The centrepiece of the concert was MacMillan’s O Virgo prudentissima, followed by My soul, there is a country, by the Old Etonian Hubert Parry, the centenary of whose death is being widely marked this year (Arts, 25 May). This was sung by the Eton College Choir under the Director of Music, Tim Johnson — a performance of great feeling and contrast, and mellifluous sounds from tenors and basses, quite free of any adolescent lack of vocal development.
Without sight of the printed scores of the new works, one can only record impressions, but one might venture to suggest that the 15th- and 21st-century responses to words, voices, and acoustic were remarkably similar, except that, as Dr John Milsom remarks in the printed programme, many of the earlier pieces were probably written for establishments other than Eton, such as Westminster Abbey, the Chapel Royal, or St George’s Chapel, Windsor, where Lambe was a chorister.
Dr Milsom reminds us that the dedication of Eton College is the Assumption of the Blessed Virgin Mary, and so music was composed to words in her honour, varying according to season or circumstances, but always addressed to Mary. Nesciens Mater meditates on the Virgin birth, and Phibbs has written a simple piece, intended for amateur performance, as a companion to Lambe’s setting, contrasting Lambe’s flowing contrapuntal lines with a more homophonic, prayerful response.

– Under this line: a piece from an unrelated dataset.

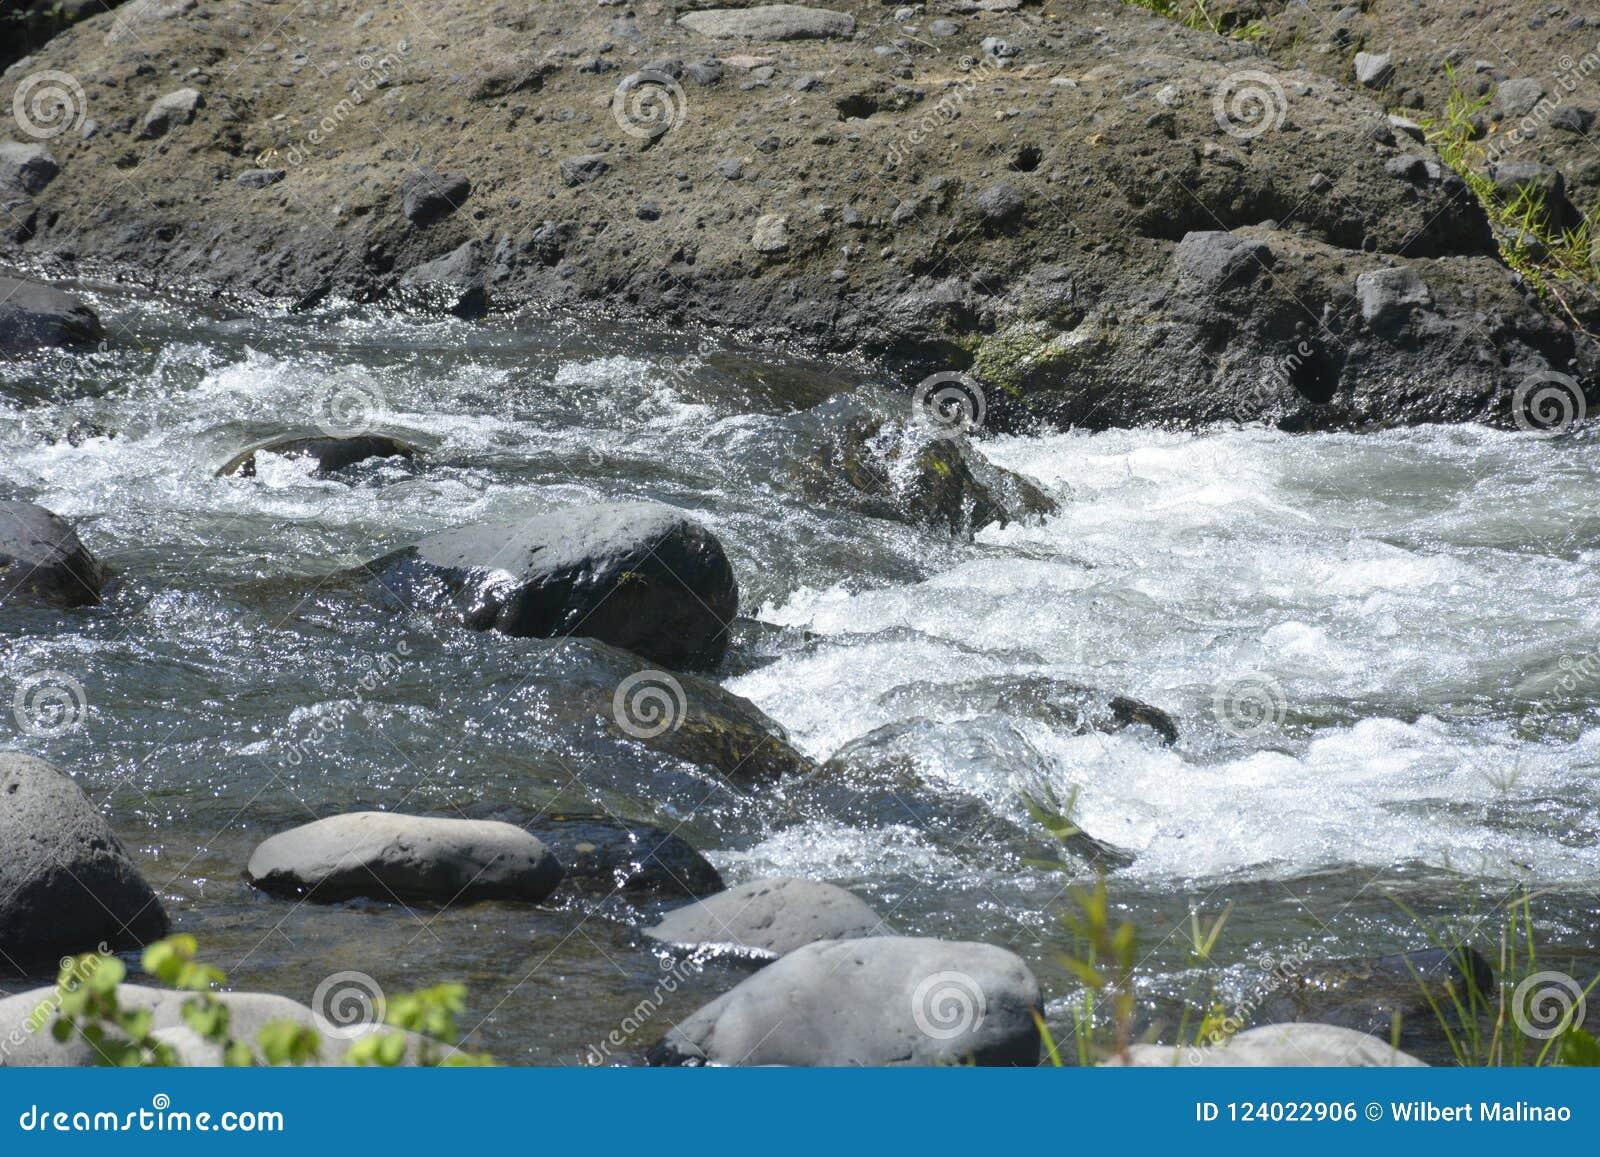 Ruparan河位于barangay Ruparan, Digos市,南达沃省,菲律宾

Cooke, who used to teach composition at Eton, has the trebles of the College Chapel Choir in the antechapel singing antiphonally with the main choir, with the title-words “Ave Maria, Mater Dei” passing between the two groups as a refrain throughout the piece. At the end, the off-stage trebles fade into the distance, singing a repeated phrase rather like the end of “Neptune” in Holst’s The Planets. A magical moment, and a very young soloist.
Marco Galvani — the youngest of the commissioned composers — sets a invocation of Mary for deliverance from the “deadly plague” of sin, and mirrors Lambe’s technique of contrasting horizontal melodic lines and vertical chord patterns, in an arch-like structure that (in the composer’s words) “encompasses both the meditative and dramatic aspects of each stanza”.

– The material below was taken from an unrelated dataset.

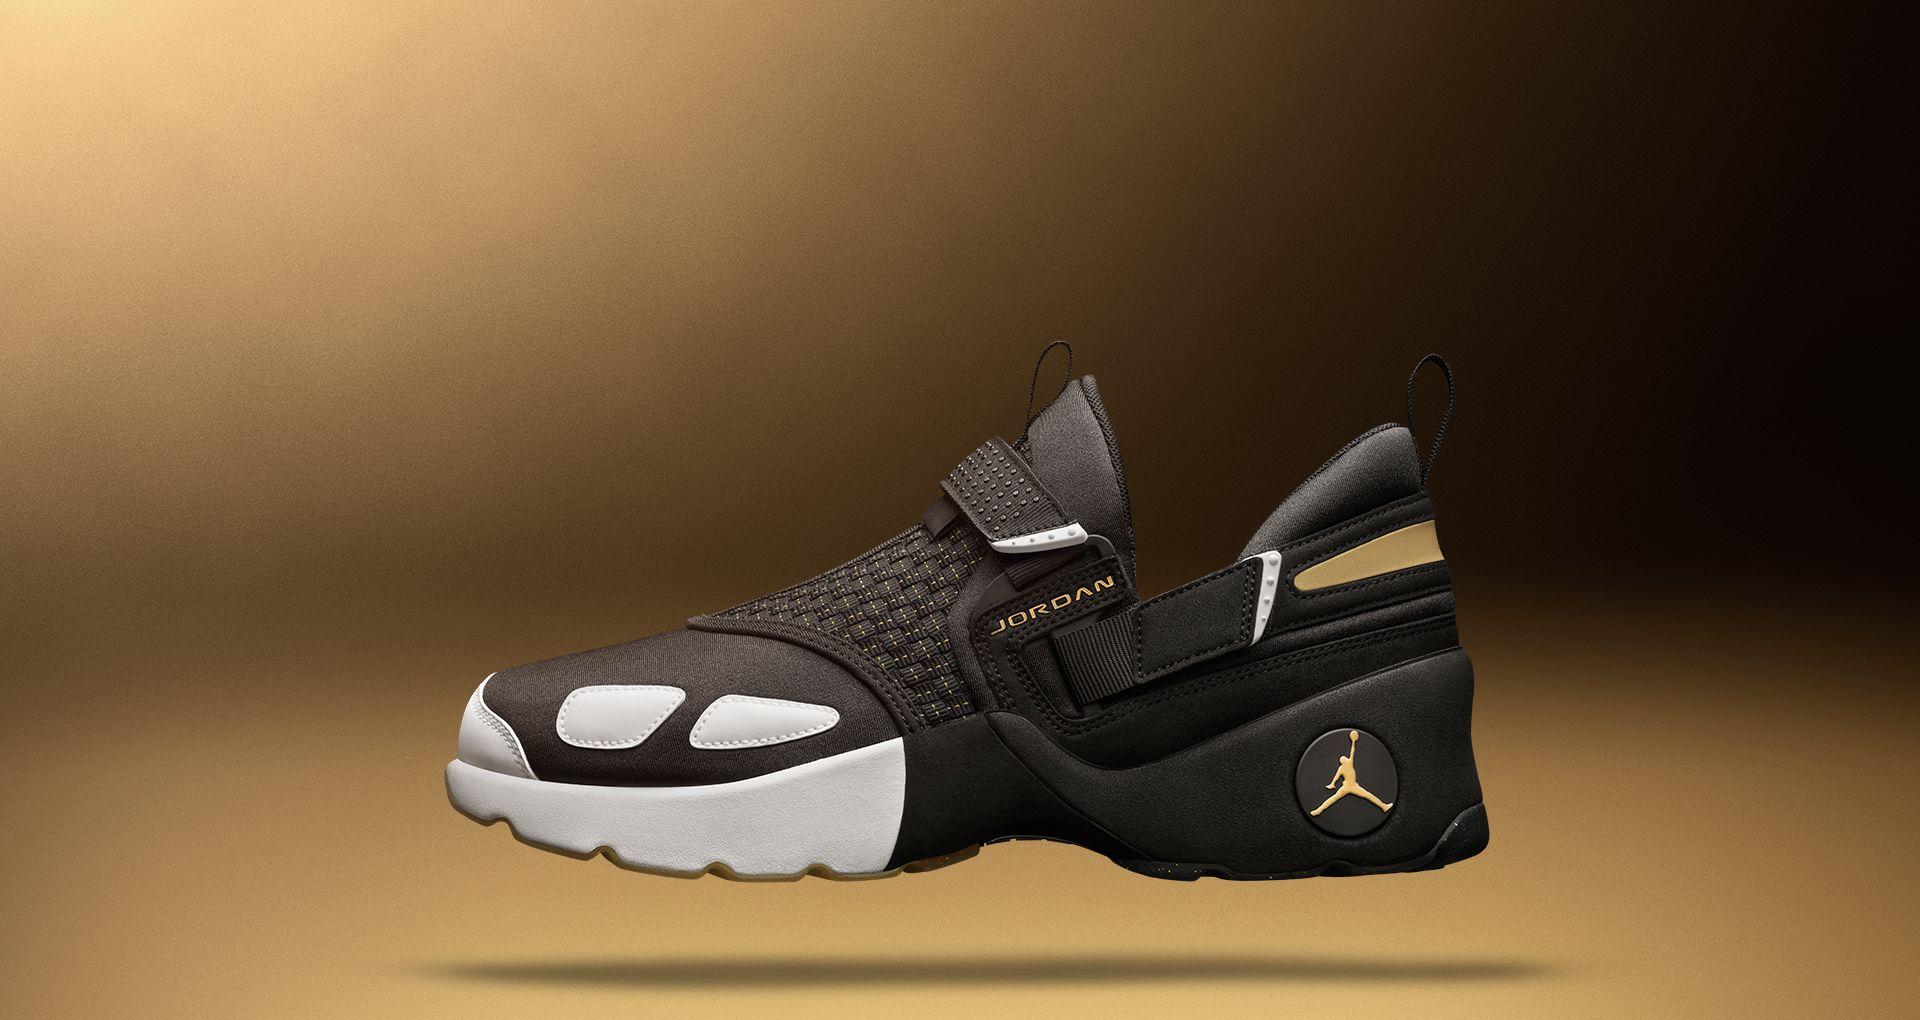 Jordan Trunner LX  BHM  2017. Nike+ Launch AT b52410a14232

MacMillan’s O Virgo prudentissima actually uses a fragment of music from the Eton Choirbook by Robert Wylkynson, beginning with hummed sounds that continue at various points from different voices throughout the piece and create what the composer calls “a heterophonic haze” as a landscape for the other singers.
This is a work on a large scale: ambitious, mature, complex, with contrasting groups, but finding concord at the end, with a joyous “Alleluia!” (I will also mention the new, robust, and impressive translation in the printed programme of the words of O virgo prudentissima by the Eton sixth-former and Oppidan Scholar Trajan Halvorsen, which moved me and I much enjoyed reading.)
All the performers came together to end the concert with Wylkynson’s Salve Regina, composed both for and at Eton, where Wylkynson was a member of the college choir. It uses a huge, nine-part ensemble, reflecting the nine orders of angels and, in Dr Milsom’s words, “it is as if we eavesdrop on that heavenly choir.” And there, before us in the chapel, lay the Eton Choirbook open on display, in its home of the past 500 years.
It goes without saying that the singing of The Sixteen under Christophers was wonderful beyond words, and it was good that among the ensemble were several Genesis Sixteen alumni, evidence of another Genesis Foundation initiative “that nurtures the next generation of talented young voices and specifically bridges the gap from student to professional practitioner”.